Cude Family Cherishes Friends, Family in University Park

They’ve seen neighbors come and go, along with Snider Plaza’s spudnuts and the chicken salad sandwiches at Ralph’s Fine Foods. But members of the Cude family, who have lived in University Park for four generations, say that the heart of the community hasn’t changed at all.

“We’ve seen a lot of change,” John Cude said, “and very little change.”

When one of the three Cude grandkids fell off his bike, a neighbor called his mom, Jen Clifton, to give her a heads-up. There’s always someone to give the kids a ride home and to look out for them if something could be wrong.

“People notice,” Clifton said, “and care.”

It’s that sense of community that has kept the Cude family in University Park for almost 90 years.

Eva and J. Harold Cude were the first family members to arrive in University Park in the 1930s when they moved into a newly built home at 4117 Stanford Ave. Eva, an SMU grad, and Harold had met when the pair went on a joint blind date with Eva’s friend Gladybelle Bandy. Eva decided that Harold was the better-looking of the two dates and beat Gladybelle to the door.

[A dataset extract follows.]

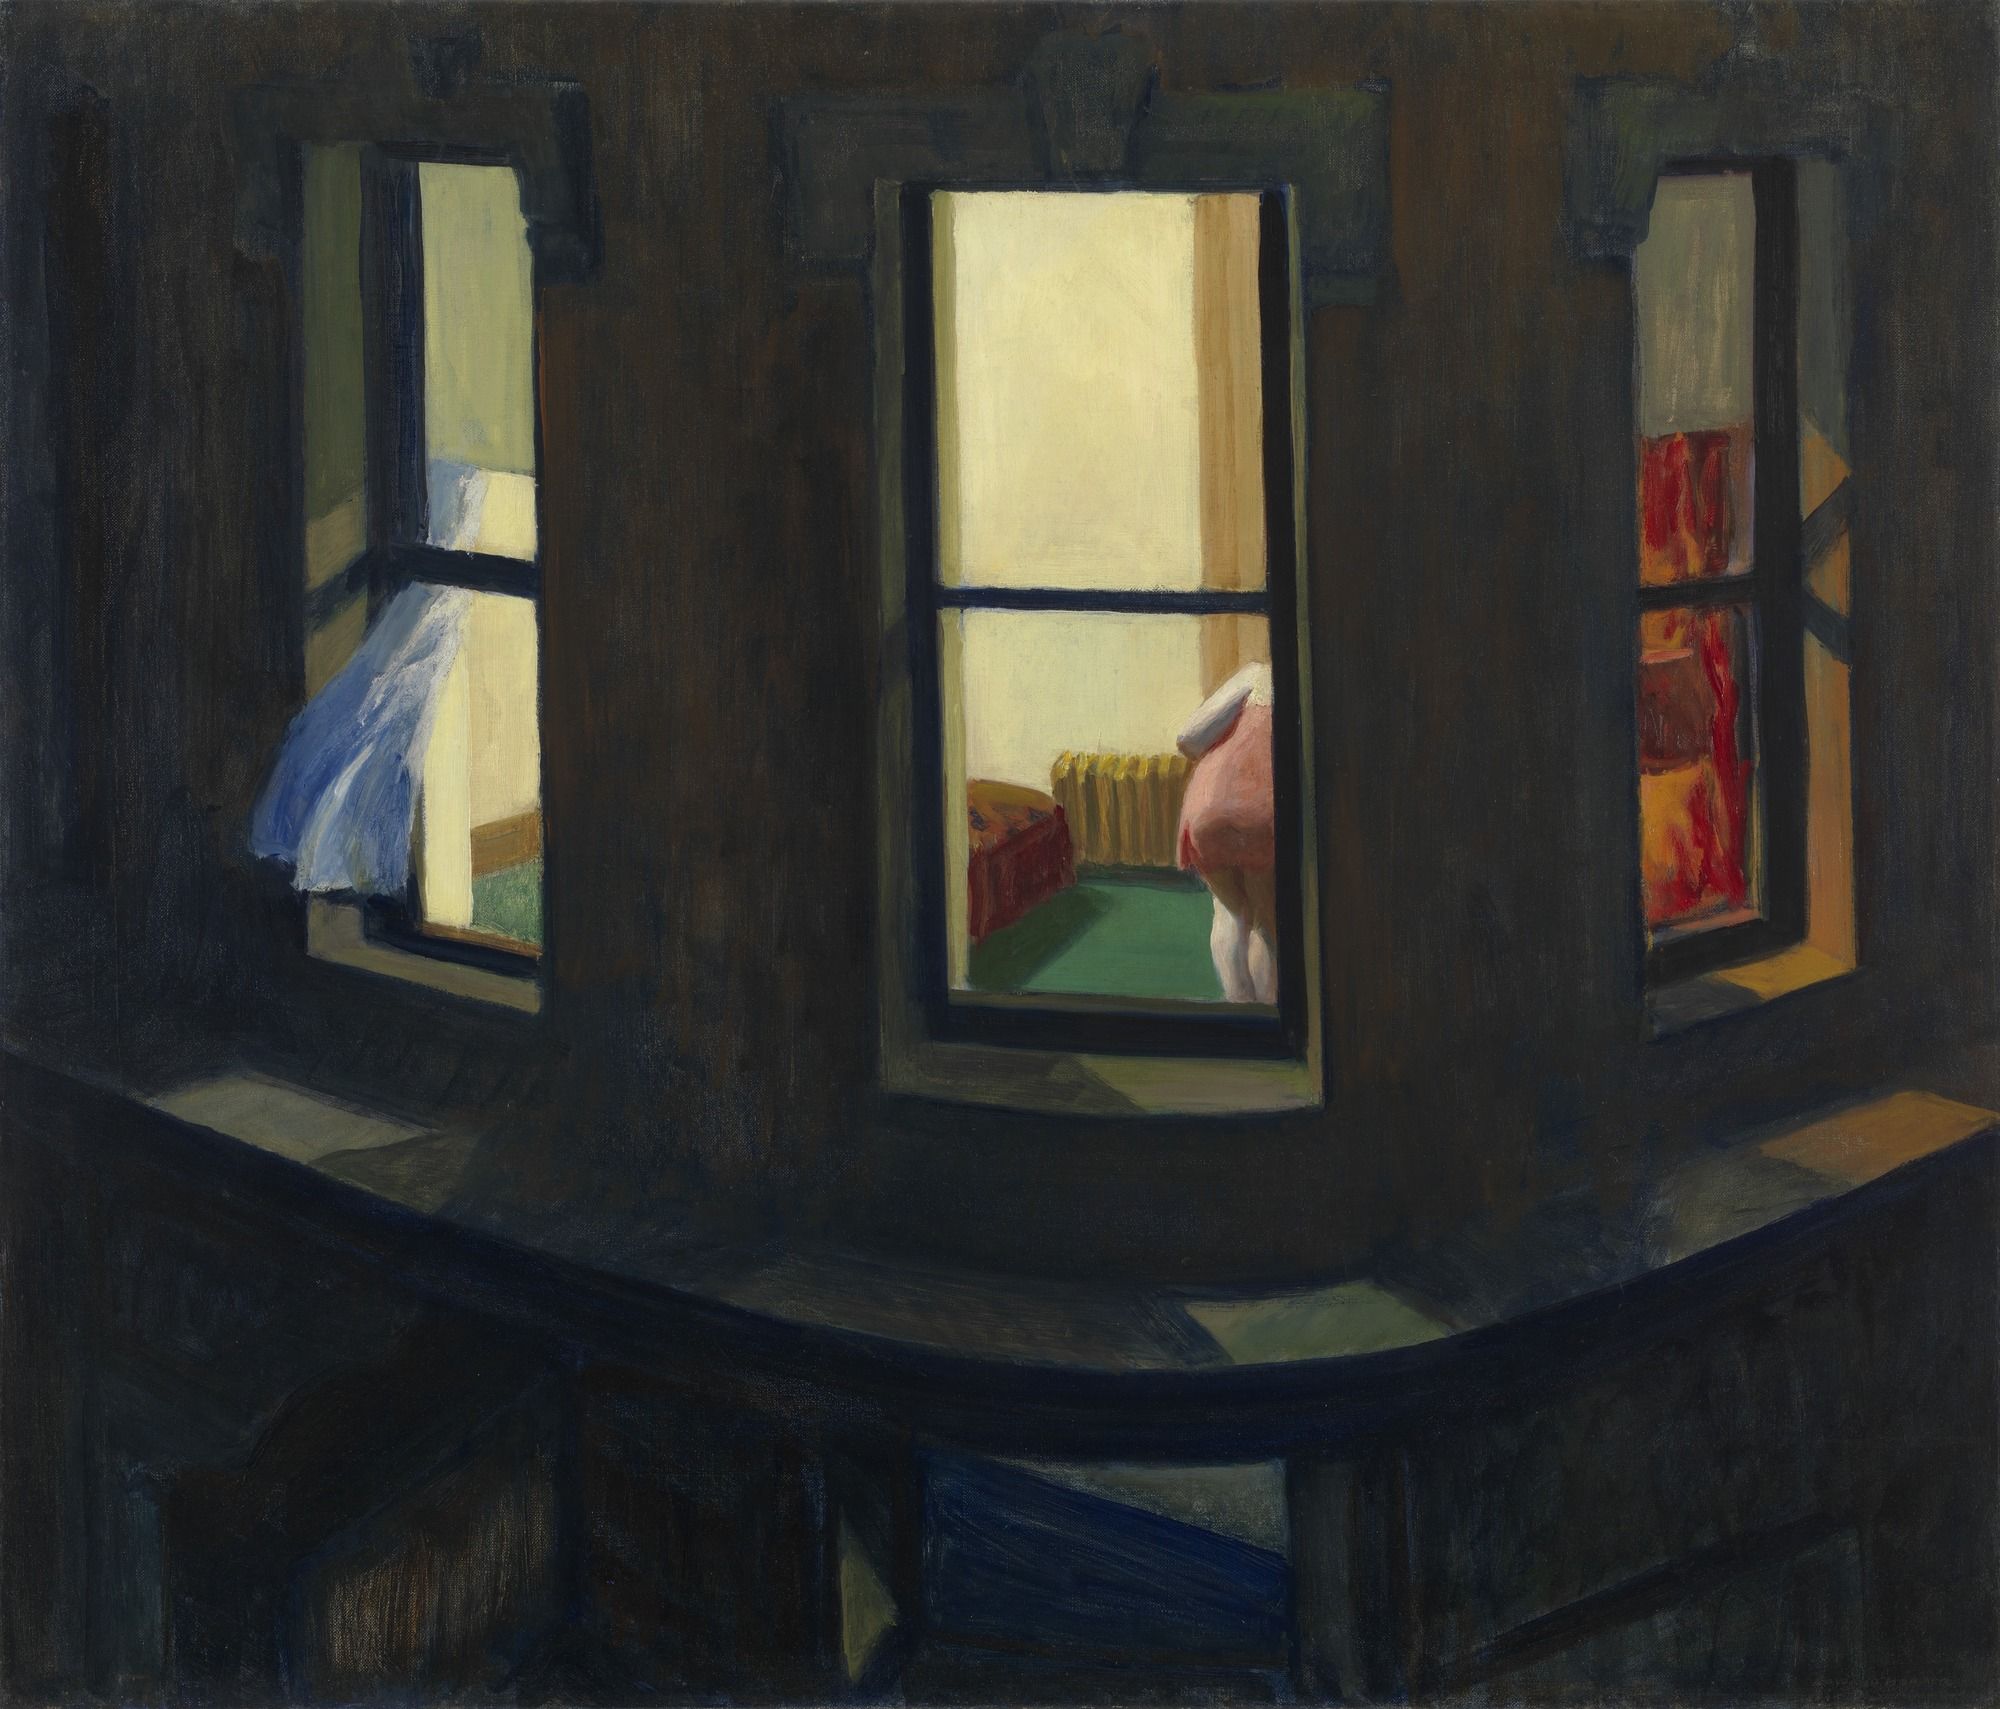 نافذة الليل by Edward Hopper - 1928 - 74 x 86 سم

Their son, John Cude, married his Highland Park classmate Sandra Graham. Even though the two had gone to school together, they didn’t connect until after graduation when Sandra, who was working at Nieman Marcus, went looking for brown ink and found John, then a dental school student, behind the counter at Stewart Office Supply.

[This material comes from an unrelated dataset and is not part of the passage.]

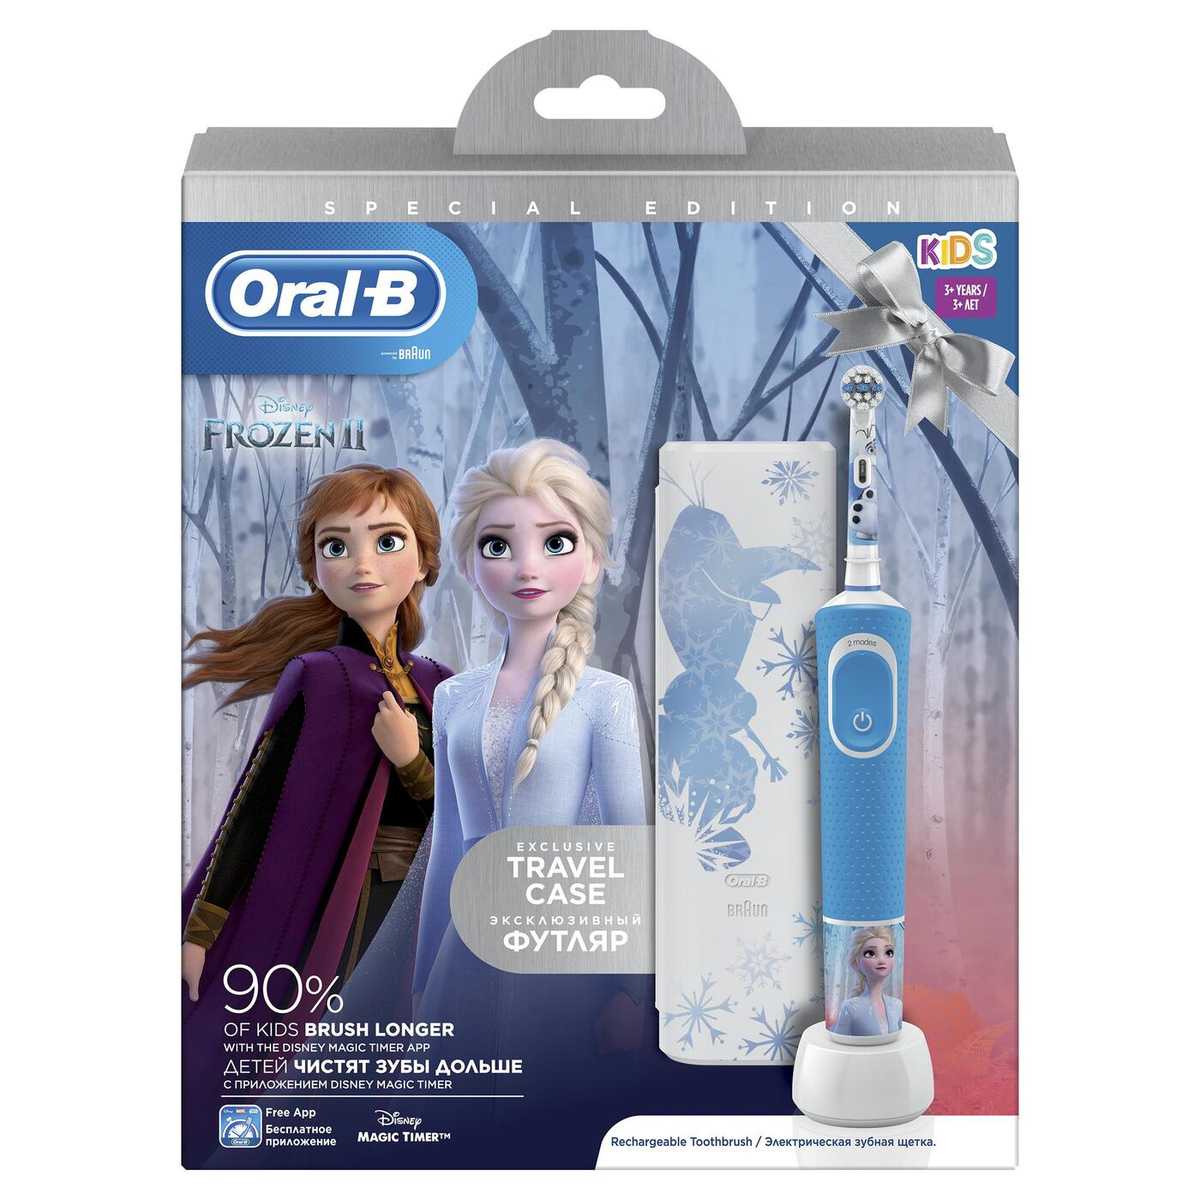 Oral-B Vitality Kids Frozen - короткий но максимально информативный обзор Для большего удобства добавлены характеристики отзывы и видео

John and Sandra lived on Binkley before moving into a house in the University Park Elementary attendance zone. However, for John, who had gone to Hyer Elementary, the location wasn’t an easy choice.

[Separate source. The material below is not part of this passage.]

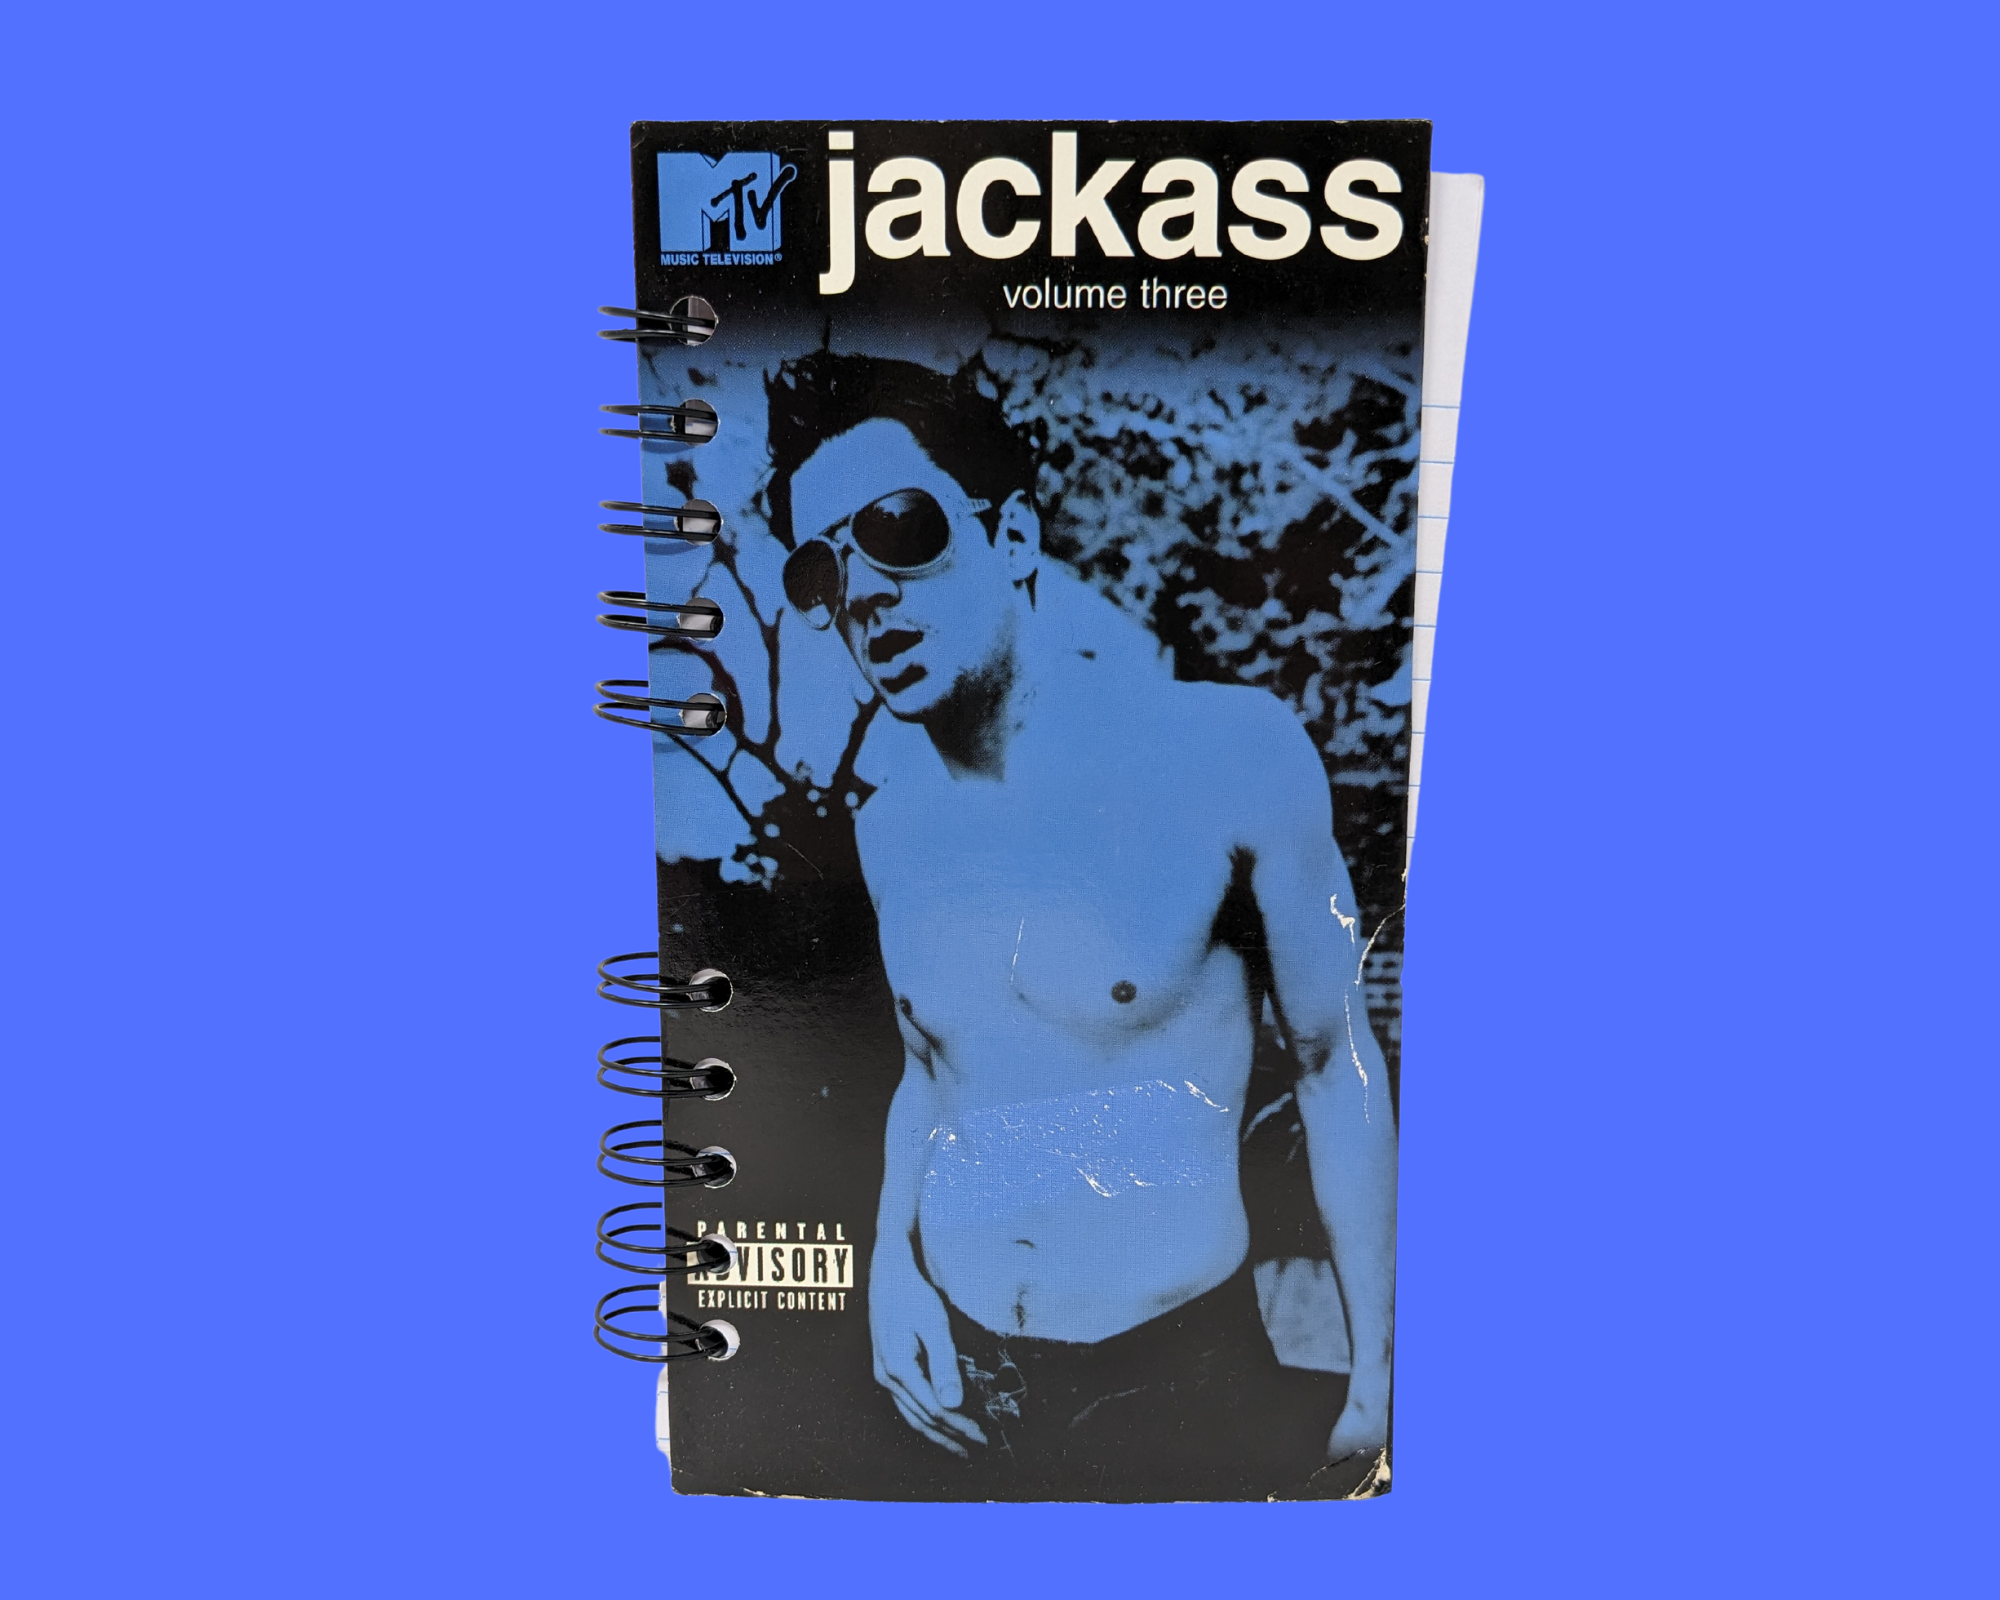 Mtv Jackass 3 VHS

“Our probably biggest argument was when we started looking at this house, and it wasn’t in Hyer,” Sandra, who went to University Park Elementary, said from the living room where they still live. “I tease him that I won, but he really loved the house.”

Their children, Jen and Hampton, grew up playing outside with the neighborhood kids. Jen remembers her grandfather on the Graham side, affectionately known as “Good Daddy,” walking over daily to spend time with her and her brother. The neighborhood kids would all pile into his car for special trips to 7-Eleven or McDonald’s. Jen said her grandparents drove carpool, attended sporting events and recitals, and got to know her friends and their families.

“So many of my memories are of my grandparents just being a part of our everyday life,” Jen said, “just constantly at our house, or we were at their house.”

Eva, who frequently hosted her grandchildren or came to stay with her son and daughter-in-law, was known for dressing up in a witch costume, complete with yellow kitchen gloves, to hand out candy at Halloween.

Today, Sandra and John carry on the Halloween tradition, with Sandra as a witch with kitchen gloves and John as a vampire. John, a dentist who still practices at University Park Dental on Sherry Lane, has even made his own teeth for the costume.

Hampton now lives in Austin but returns frequently to the community where he was raised. He’s a proud uncle to Jen’s kids and helps his parents as much as he can.

“He’s very much like Good Daddy,” Sandra said.

Jen, who married her sweetheart from Highland Park High School, moved back to University Park when their oldest son was an infant. Today, their home is an easy walk from both her and her husband’s parents.

“We have certainly worn out Boedeker walking back and forth to each other’s homes in high school, and now our kids do so going between both grandparents’ homes on Boedecker,” Jen said.

Jen followed in her mother’s footsteps and served as president of the University Park Preschool Association. The two youngest Clifton children became Boone Elementary Bulldogs when HPISD redrew its attendance zones in 2020, and today, Jen is active in the Boone PTA.

The Clifton kids, Jen said, have the same connection to their grandparents as she did growing up. Their grandparents drive carpool, take the children fishing in Caruth Park, and volunteer in the cafeteria. Jen’s fourth-grade son and his friends sometimes at her mother-in-law’s house before biking to school.

The family loves running into friends and their extended families. Sometimes, friends share their memories of times with Jen’s grandparents in the “small little circle” that is University Park.

“You’ve got everything you want in a big city,” Jen said. “But it feels like a very small town.”